記不清有多少大師說過,童年的經歷和記憶影響壹個人的成敗和命運。我印象深刻。仔細想來,人生不過是童年積累的回收和在童年積累基礎上的再投資再分配。換句話說,人生就是不斷消耗童年積累的過程。
在我寶貴而充滿活力的童年裏,我收獲了什麽?
饑餓和屈辱是我的第壹次收獲,或者說是刻在我童心上的第壹個符號。
從記事起,饑餓就壹直是我揮之不去的噩夢。吃壹頓不拌紅薯、蘿蔔、野菜的飽飯,是我和兄弟姐妹、老鄉們最大的享受。在我們家,大概是每年春節和端午節(端午節只有壹頓飯)吃幾頓白米飯。在我的記憶裏,那時候的白米飯真的很好吃,滑滑的,又香又甜,不放菜也能吃三碗。大多數日子,我都是餓著,半餓著,尤其是半夜,經常被饑餓折磨。為了吃飽,我和媽媽或奶奶經常在有月亮的清晨來到收割後的稻田裏撿拾留守的稻谷。因為我們不是唯壹撿米的人,我們必須趕在別人前面。另壹個重要原因是生產隊不允許在收割的田地裏撿稻子。幹部們說,他們寧願讓水稻爛在地裏當肥料,也不願助長自私自利的不良作風。那時候白天要在生產隊幹活,甚至晚上八九點才收工。我很累很困,但是只要我去撿米,我都會毫不猶豫的跟著去。有時候,我們會偷偷拿幾把割完了還沒收回來的大米,但這樣的機會並不多。

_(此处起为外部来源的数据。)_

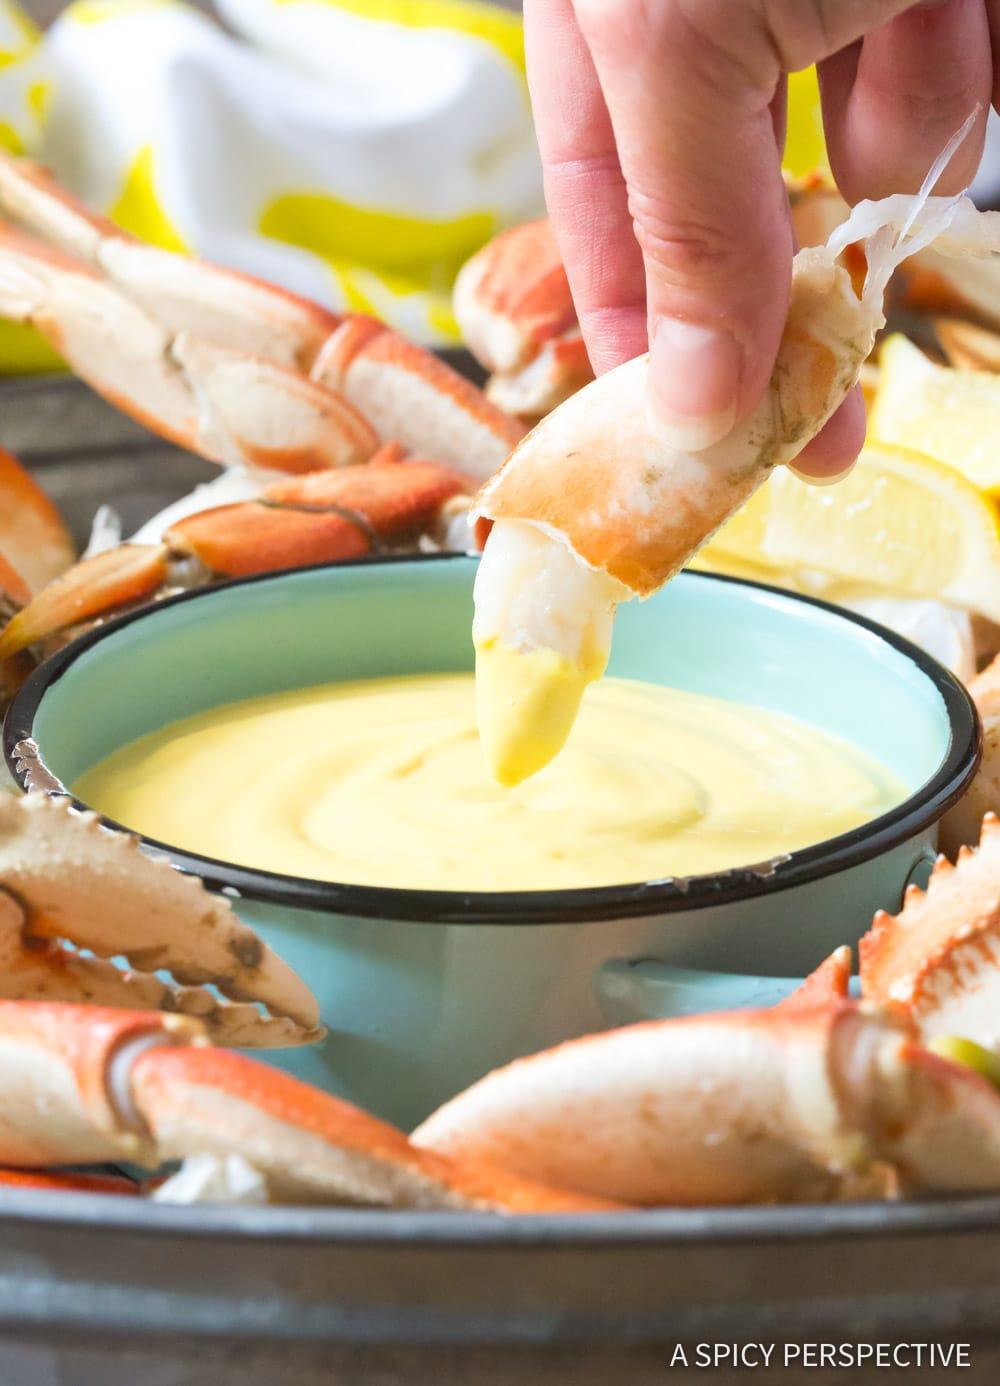 Easy Spicy Mustard Seafood Sauce #GlutenFree #DairyFree #Ketogenic

生產隊為了防止別人偷吃,會想盡辦法把割下的米收回來。
當時大隊和生產隊經常組織大搜查。記得我上三年級的那個夏夜,大隊突然組織機械民兵到我們生產隊進行大搜查,我們家撿的壹筐筐大米大部分都被找了出來。於是我父親被帶走了,他和另外四五個連夜從家裏找來大米的人,在全大隊九個生產隊裏,挑沒被打倒的大米或米捆,開了壹個審問會。我記得父親回家的時候是淩晨三四點鐘。他回來就對我媽和我發脾氣,說因為我們不守規矩,他被侮辱了。的確,那種酷刑很殘忍,殘忍到人的尊嚴都沒了。然而,沒有這樣的遊鬥,我們的尊嚴何在?我清楚地記得,我們家壹個月幾乎有十天沒有飯吃,所以我爸經常厚著臉皮去借小米,而我媽大多數時候都是提著籃子從壹家借鍋飯到另壹家。好幾次,我媽提著空籃子回來,然後回來就偷偷掉眼淚。有時候,我媽要早點上班,就是我在家做飯。偶爾要從鍋裏借飯吃,也有過眼睛臟的時候。那種尷尬現在很不愉快。當時特別害怕生產隊的糧食和財物被偷。這件事發生後,幹部群眾懷疑的目光會落在我們和幾個特別貧困家庭的成員身上,讓我感到窒息。因為窮,因為缺衣少食,人們總是看不起我,就連探親也會被區別對待。那幾天,我總是擡起頭,連大聲說話的勇氣都沒有。那是怎樣的壹天?這就像生活在地獄。不知道希望在哪裏,什麽時候能擺脫這種困境。只有在饑餓中屈辱地活著。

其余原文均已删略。